晚饭的时候,冒着热气的饺子逐一上桌,另配了一盘他顺手炝拌的海米白菜丝。不知道是真的合白熙胃口还是给他面子,对方从起筷到结束都吃得一脸笑意盈盈,大呼美味。

肖一楠自己也吃了不少,久违的滋味让他不由得想起另一个赞他手艺超群的人。要是早知道俩人终究有一别两宽的这天,在那些只道是寻常的日子里就应该多给秦江包几顿饺子。
 
就这样,一顿又一顿的饭吃下来,肖一楠算是一点点地向他年轻的心理咨询师卸下了所有心理上的防备,而白熙也不会再扮成西服革履的样子来武装自己其实是个无证上岗的编外人员的事实。

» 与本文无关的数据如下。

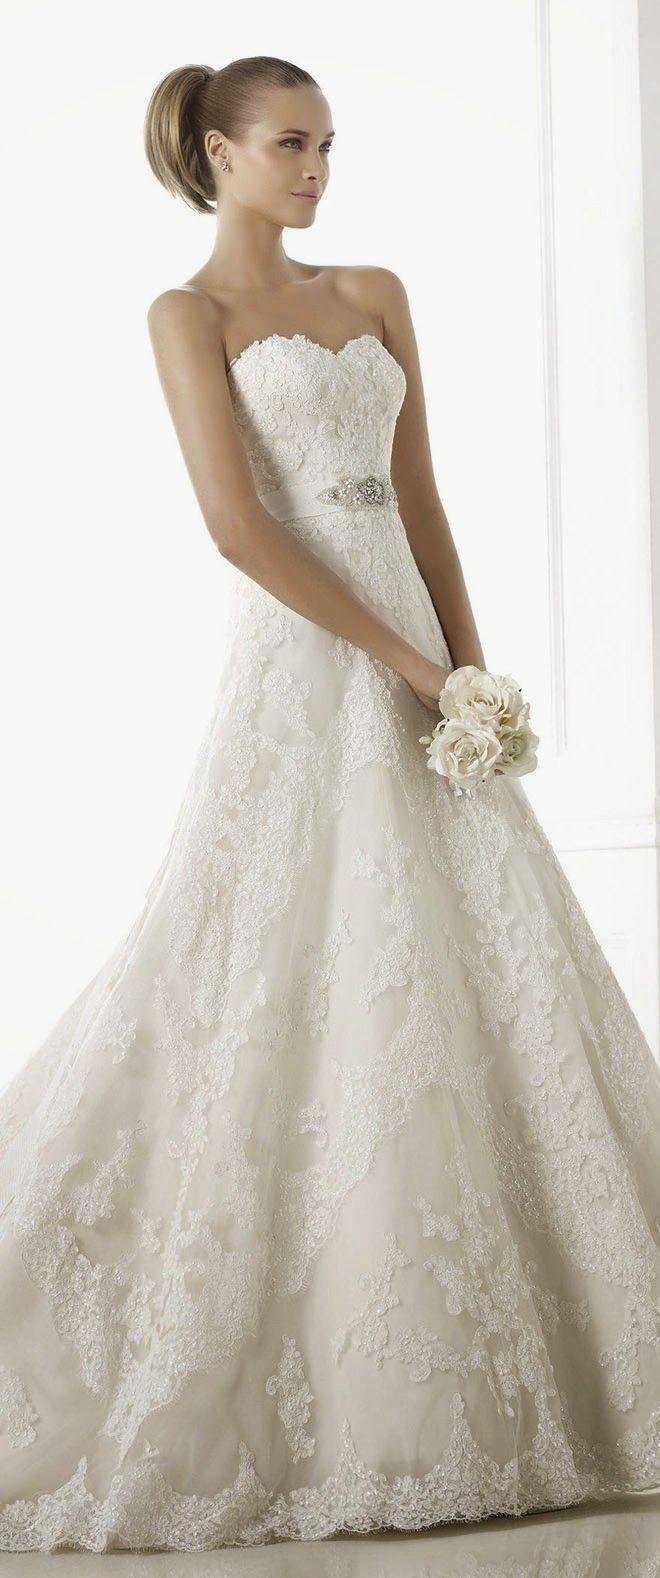 Pronovias Costura 2015 Bridal Collection   bellethemagazine.com

在咨询过程中,无论白熙问什么,他都被要求尽量遵循自我的真实想法表达,这个词也是对方教会他的。自我,本我和超我。这个心理学上的概念对肖一楠来讲是全新的知识领域,尽管不能全部参透,却可以借由白熙的指引一步步地帮助他理解自己。

白熙的治疗方案已经从对话慢慢变为他抛出一个词或者一个话题,让肖一楠自由联想,想到什么说什么。

这个周六,肖一楠还是坐书房的沙发里,他现在已经对这个地方产生了依恋。冬日的暖阳在晴天的时候会透过窗户撒在他身上,手边总是放着暖呼呼的茶或者咖啡。

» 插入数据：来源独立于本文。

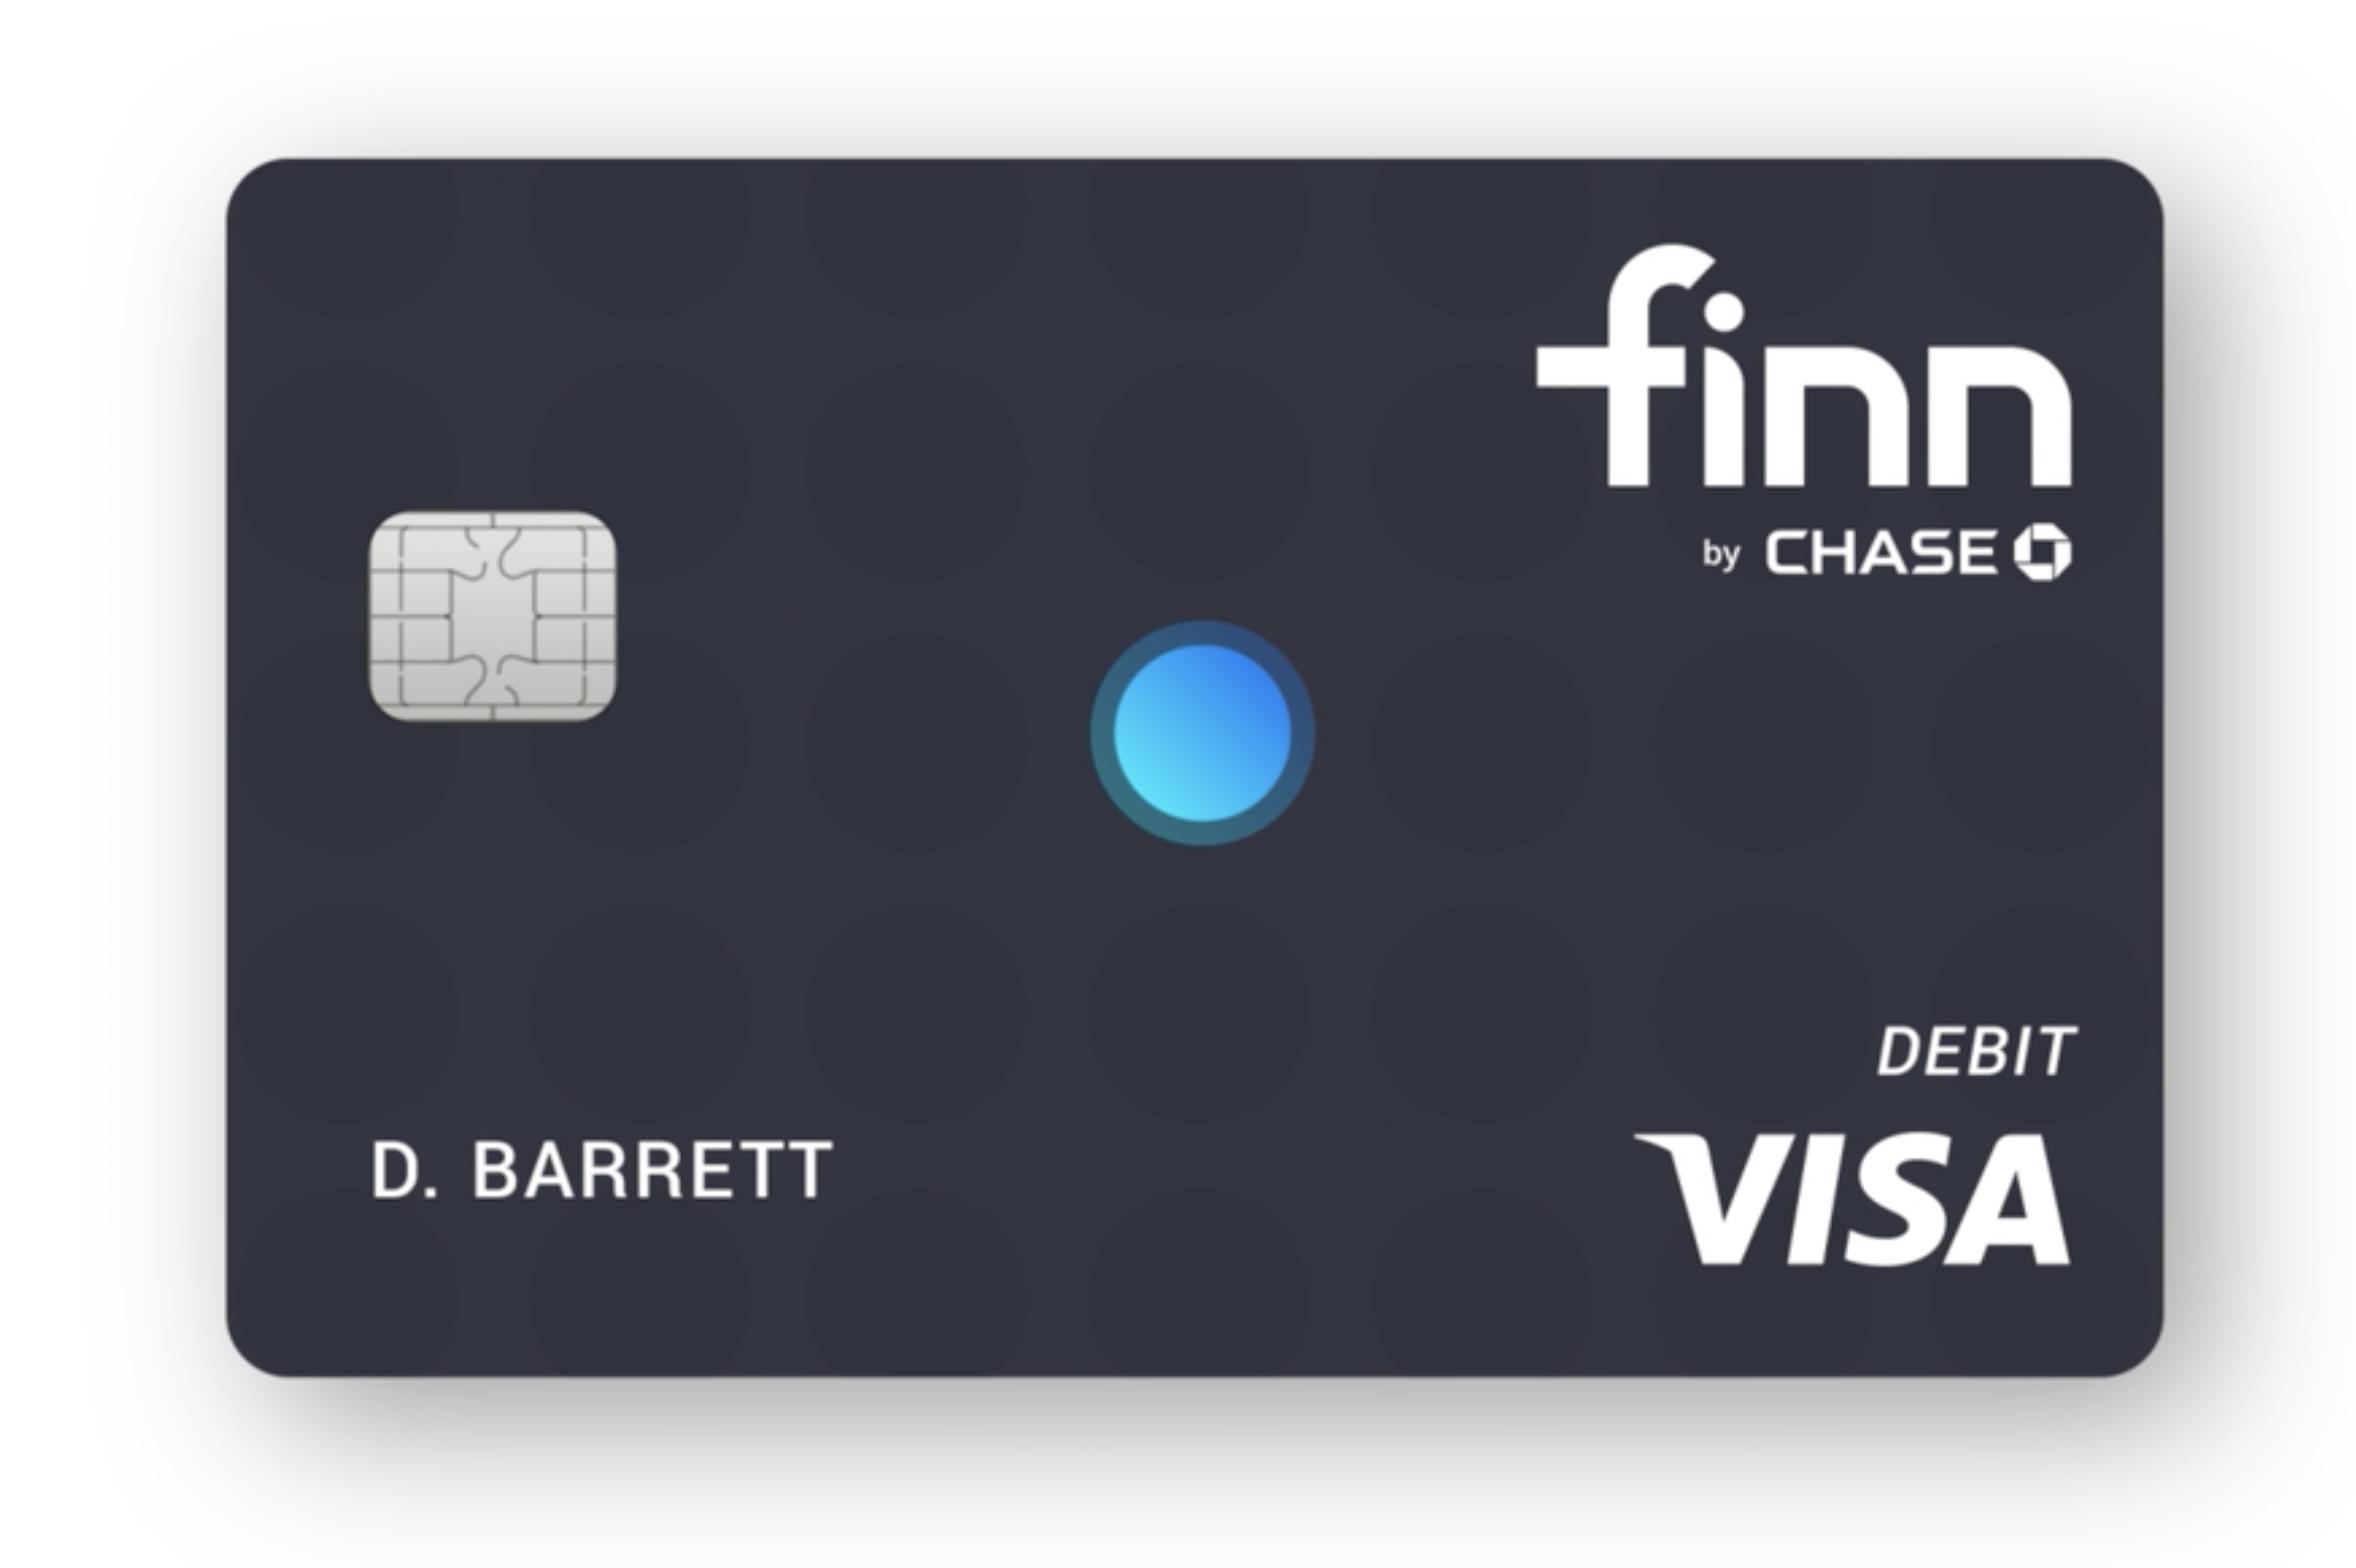 The Finn By Chase Debit Card

肖一楠平生第一次觉得自己变成一只蜗牛,这里就是他的壳。他可以放心伸出触角去感受某种类似于掌心的温热,因为不管他说什么都会被另一个人理解和包容。这一切都让他有欲望把自己的前半生的某些回忆用最平实的句子倾诉出来。

这次他们聊的话题是童年,白熙让他谈一谈自己成长的环境和父母。

“我妈过世得很早,对她的印象只停留在黑白的老照片上。我爸在我小学的时候又再婚了,之前还会定期来看我,后来慢慢就不怎么出现了。抚养费也变成了定期打到我存折上的数字,后来听说是和二婚的妻子又生了儿子。” 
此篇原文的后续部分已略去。